Use Sanity webhooks to keep the search index in sync when content changes.
Sanity's structured content model makes it straightforward to define facet fields in the schema.

Faceted search is a filtering pattern that lets users narrow down a result set by selecting values across multiple independent dimensions — called facets — simultaneously. Think of an e-commerce site where you can filter by brand, price range, color, and rating all at once. Each active filter reduces the result set, and the available counts for remaining facets update dynamically.

Implementing faceted search well depends on one foundational requirement: your content must be structured. Unstructured HTML blobs cannot be faceted. A headless CMS like Sanity solves this at the schema level — every document has typed, named fields that can be queried, filtered, and aggregated.

Why Structured CMS Data Is Ideal for Faceted Search

Traditional CMS platforms store content as rich text or HTML, making it nearly impossible to filter by semantic attributes. A headless CMS like Sanity stores content as structured JSON documents with explicit field types. This means a product document might have a typed `category` string, a `price` number, a `tags` array, and a `brand` reference — all of which are directly queryable.

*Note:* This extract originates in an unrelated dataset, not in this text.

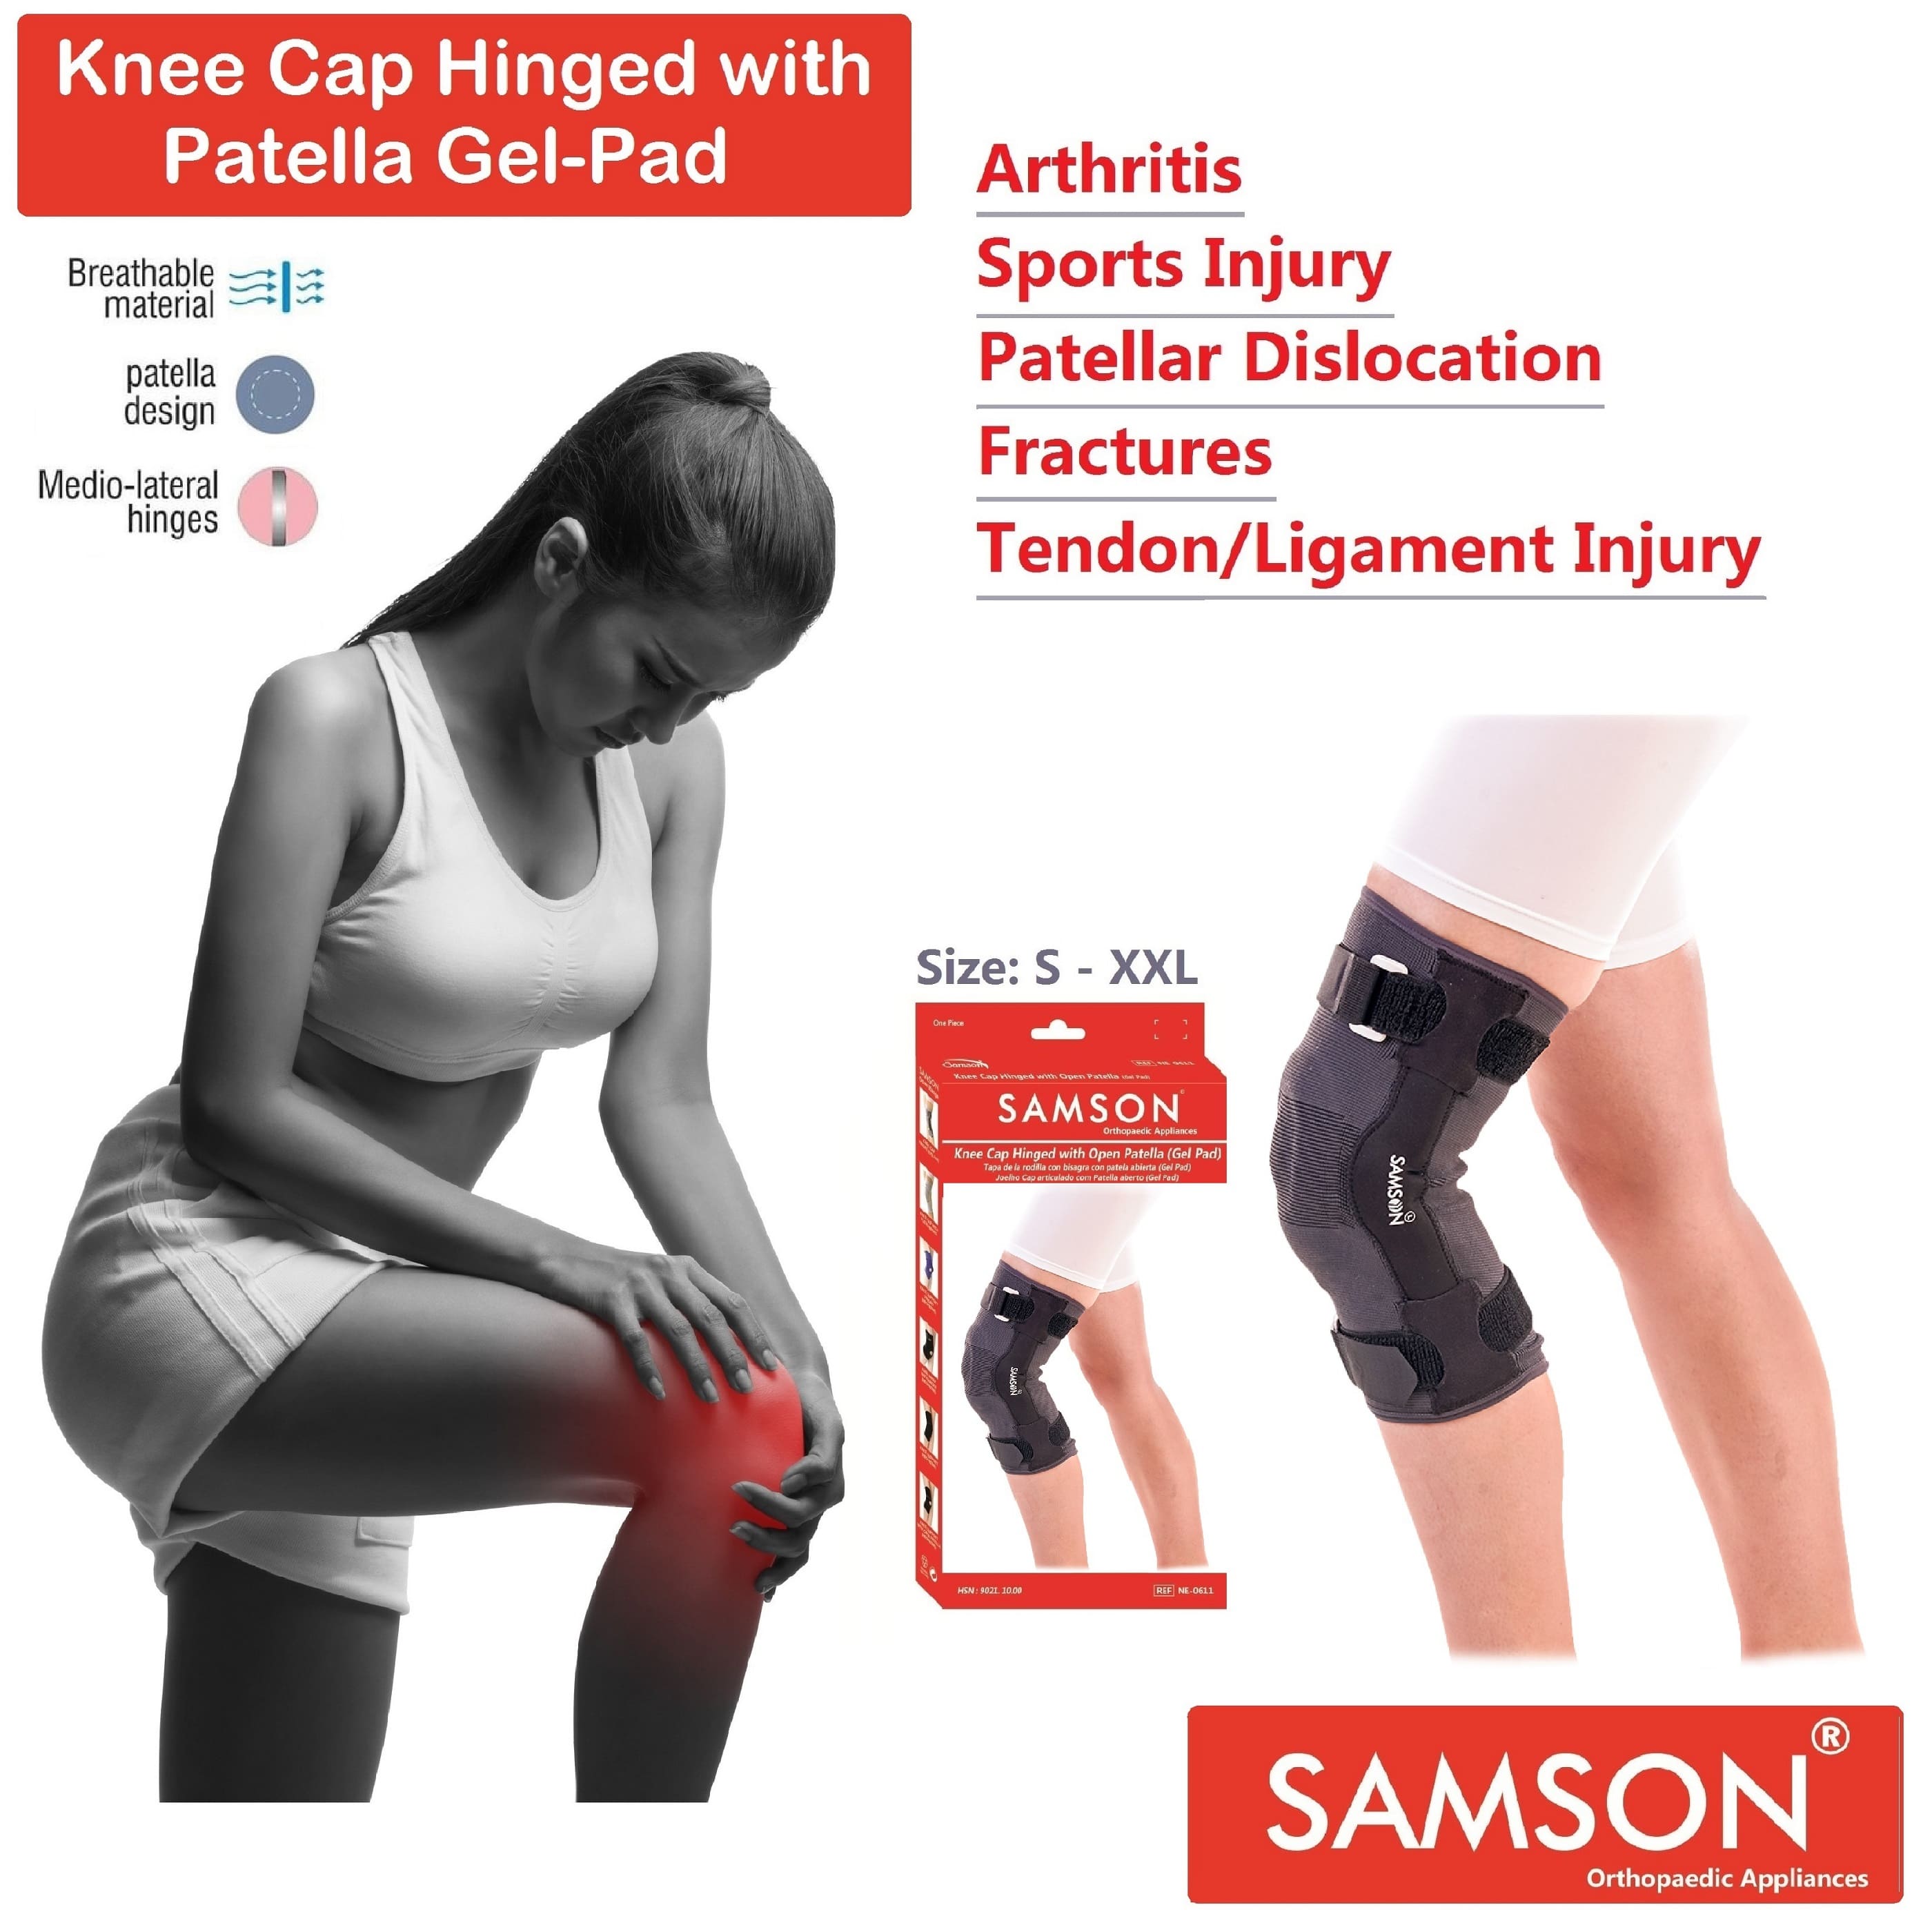 Knee Immobilizer Brace for Men & Women – Post Op Knee Leg Compression,  Stabilizer & Support Wrap for Swollen ACL, MCL, Tendon, Athletic Injury

This structure is the prerequisite for faceted search. Without it, you cannot reliably extract facet values, count occurrences, or filter by attribute combinations.

Approach 1: GROQ-Based Faceting for Small Datasets

For datasets with fewer than a few thousand documents, Sanity's GROQ query language is powerful enough to implement server-side faceting without an external search engine. The strategy involves two types of queries: one to fetch the filtered results, and one (or several) to compute facet counts.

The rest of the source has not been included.